Run the CLI (downloads the model on first run):
python ConceptMapper/main.py --target blue --mode targeted --topk 12 --rescan
Common flags:
--target
: target color concept (default:blue
).--mode
:broadcast
(head-space) ortargeted
(residual of selected heads).--topk
: number of mediating heads to select (default: 12).--start-layer/--end-layer
: limit layer scan range.--token-index-strategy
:auto
(default),first
, orlast
token of the word.--neg-colors
: comma-separated list to override negatives.--rescan
: ignore previously saved heads for this concept.
Programmatic use:
from ConceptMapper.main import ConceptIsolator
isolator = ConceptIsolator(target_concept="blue", steering_mode="targeted", top_k=12)

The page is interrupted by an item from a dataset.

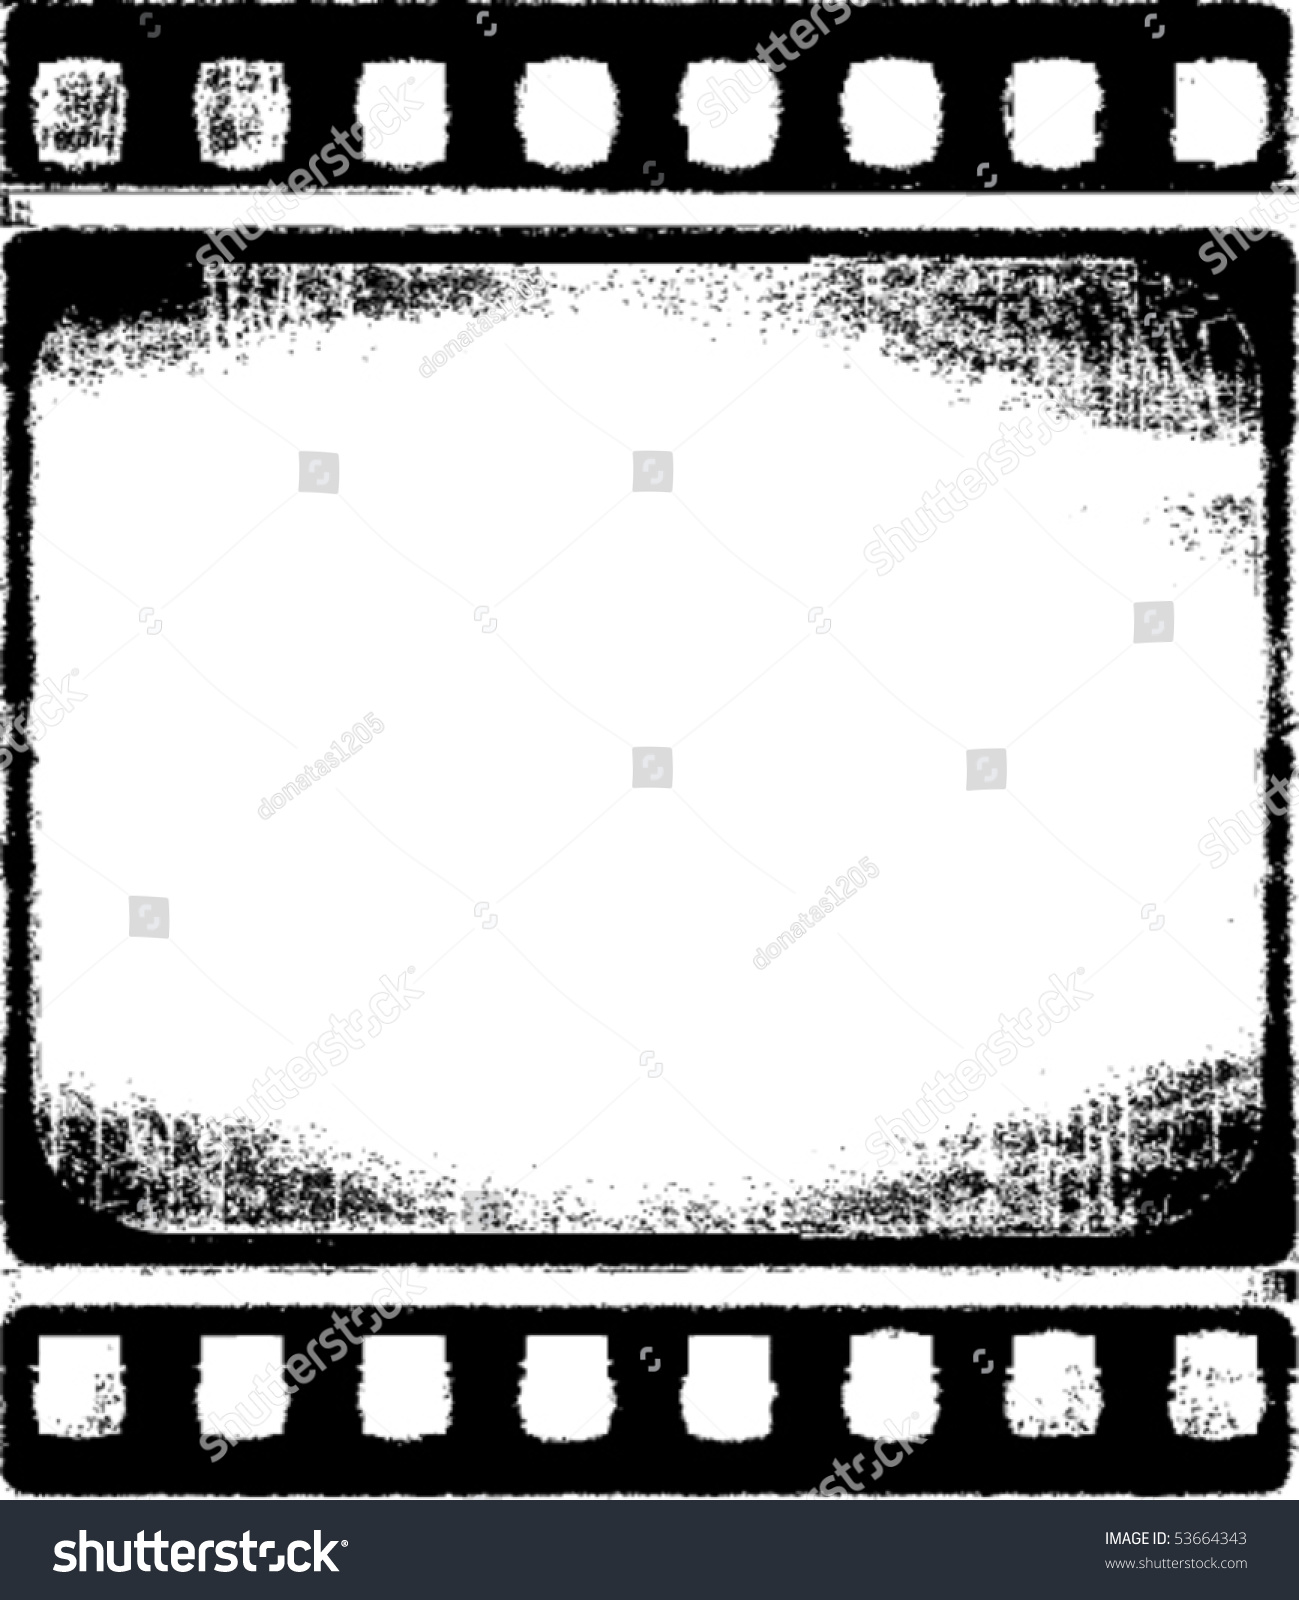 Vector Grunge Filmstrip Frame Stock Vector HD (Royalty Free ...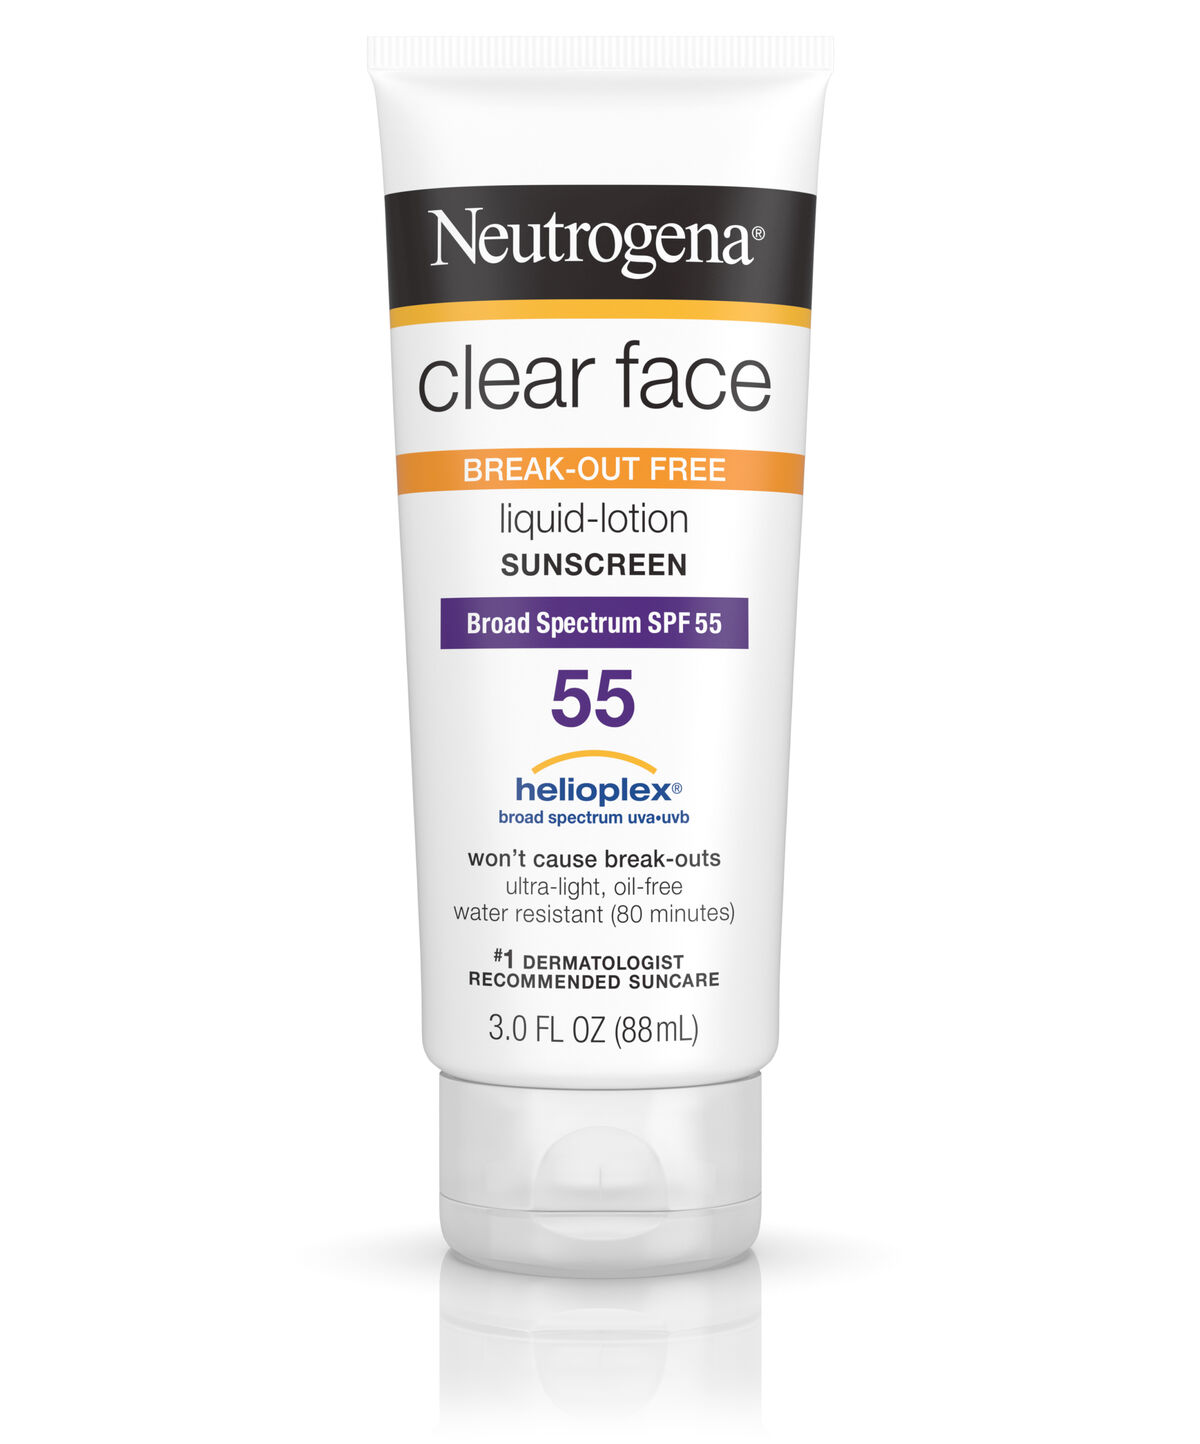 neutrogena clear face sunscreen review

direction, results = isolator.isolate_concept()
from ConceptMapper.patching import NodeSpec, make_last_token_logit_diff_metric, measure_node_influence
from transformers import AutoModelForCausalLM, AutoTokenizer
model_id = "Qwen/Qwen3-4B-Instruct-2507"
tok = AutoTokenizer.from_pretrained(model_id, trust_remote_code=True)
model = AutoModelForCausalLM.from_pretrained(model_id, trust_remote_code=True, torch_dtype="auto", device_map="auto")
target = "blue"
negatives = ["red","green","yellow","purple","orange","brown"]
metric = make_last_token_logit_diff_metric(tok, target, negatives, token_index_strategy="auto")
# Aligned clean/corrupt prompts for causal testing
clean = ["The color is"]
corrupt = ["The color is"]
# Candidate nodes to test (e.g., mid/late layers)
nodes = [NodeSpec("attn", l) for l in range(16, 28)] + [NodeSpec("mlp", l) for l in range(16, 28)]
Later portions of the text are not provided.